Die Längsbretter eines Bettes wurden zum Rammbock

Die Fluchtumstände muten abenteuerlich an. Zunächst habe das Trio „an der Innenwand des Schlafraums herumgekratzt“. Der Schutt sei unter den Betten versteckt worden. Noch gegen 20 Uhr am Samstag habe eine Mitarbeiterin Medikamente in dem Zimmer verteilt – und nichts bemerkt. Wenig später hörte die Frau laut Klinikleitung einen riesigen Lärm. Als sie aus dem Fenster eines schräg gegenüberliegenden Stationszimmers sah, habe sie bereits eine Gestalt an zusammengeknoteten Bettlaken an der Fassade herunterklettern sehen. Die Ausbrecher hatten die Längsbretter eines Bettkastens zu einem Rammbock zusammengebunden und damit die Wand durchbrochen. Die ganze Vorbereitung habe höchstens einen Tag gedauert. Der Ausbruch selbst sei „ratzfatz“ gegangen, sagte der Ärztliche Direktor Längle.

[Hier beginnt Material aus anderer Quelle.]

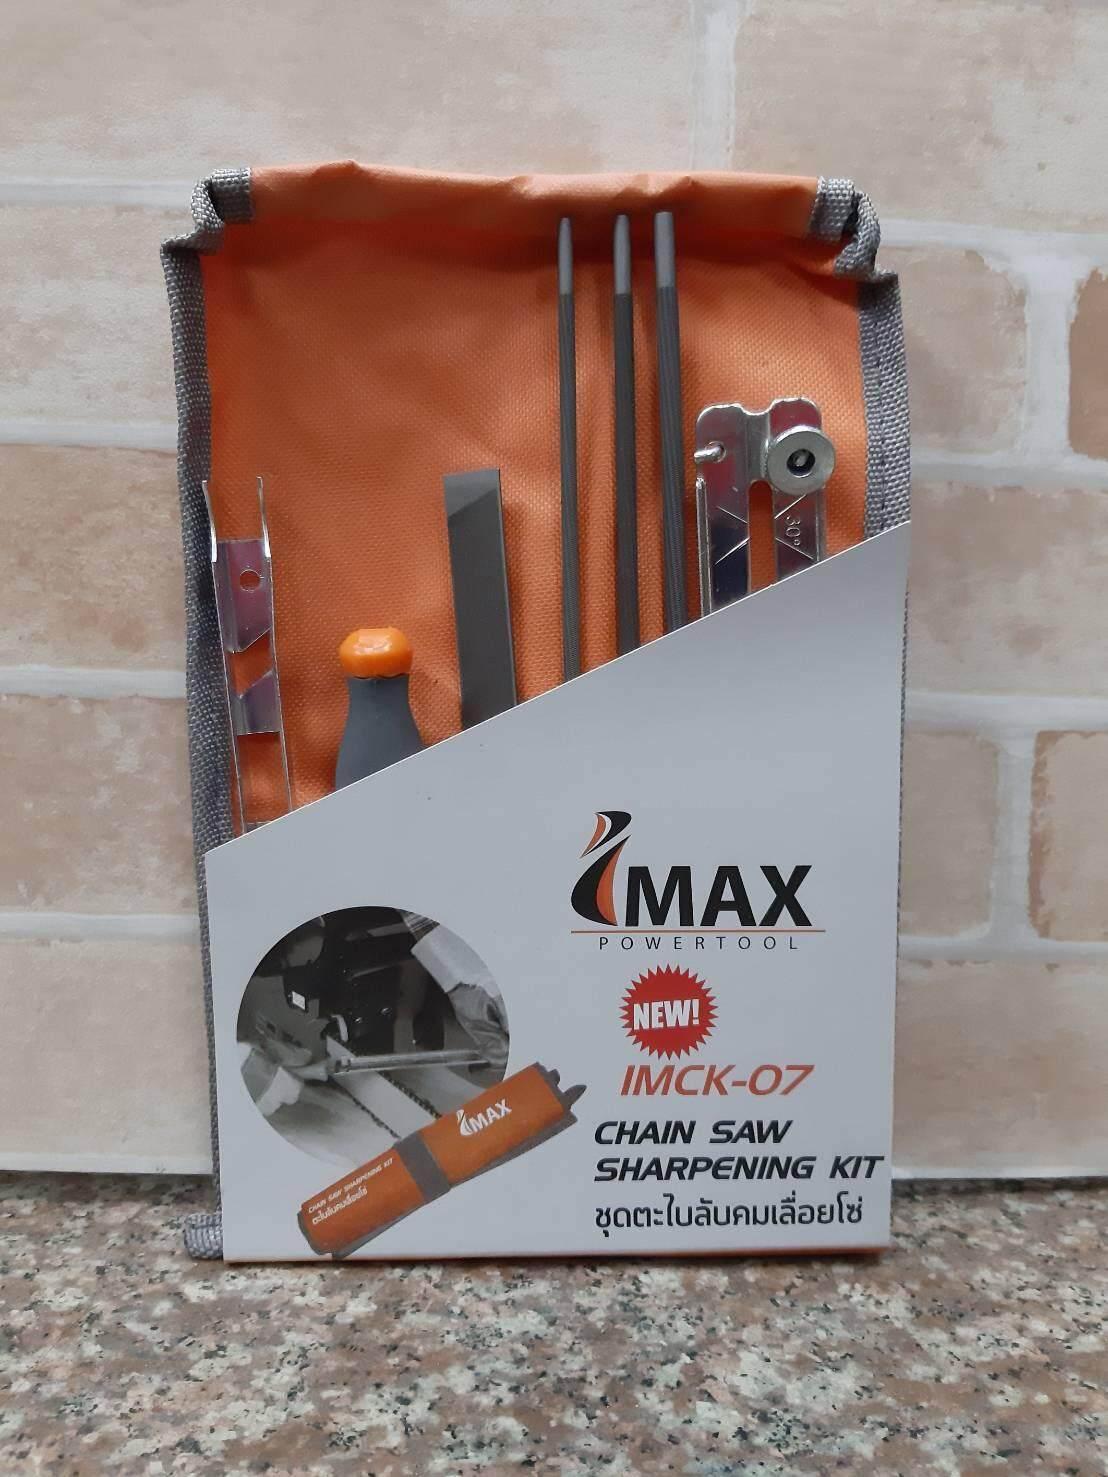 Imax ชุดตะไบลับเลื่อยโซ่ By Ppp Tools.

Die psychiatrische Klinik kommt damit weiter nicht zur Ruhe. Im Mai war ein 54-Jähriger ausgebrochen, zwischen 2012 und 2013 waren acht suchtabhängige Straftäter entkommen. Danach verschärfte die Klinik die Sicherheitsarchitektur im Innern. Wichtigstes Ziel war es, dass Pflegekräfte nicht mehr zum Zweck einer Freipressung als Geiseln genommen werden konnten. Unter anderem wurde eine rund um die Uhr bewachte Eingangsschleuse gebaut. Nun, sagt Gerhard Längle, müssten die Sicherheitsvorkehrungen abermals auf den Prüfstand.

Die Sicherheitsfrage in der Klinik stellt sich neu

Hatte der Freigänger unter den Ausbrechern zuvor ein Fluchtfahrzeug beschafft? Die Polizei will keine Einzelheiten nennen. Das Gewaltpotenzial der Flüchtigen wird als nicht als sehr hoch eingeschätzt. „Wir hatten schon andere Kaliber, die da ausgerückt sind“, sagte der Polizeisprecher.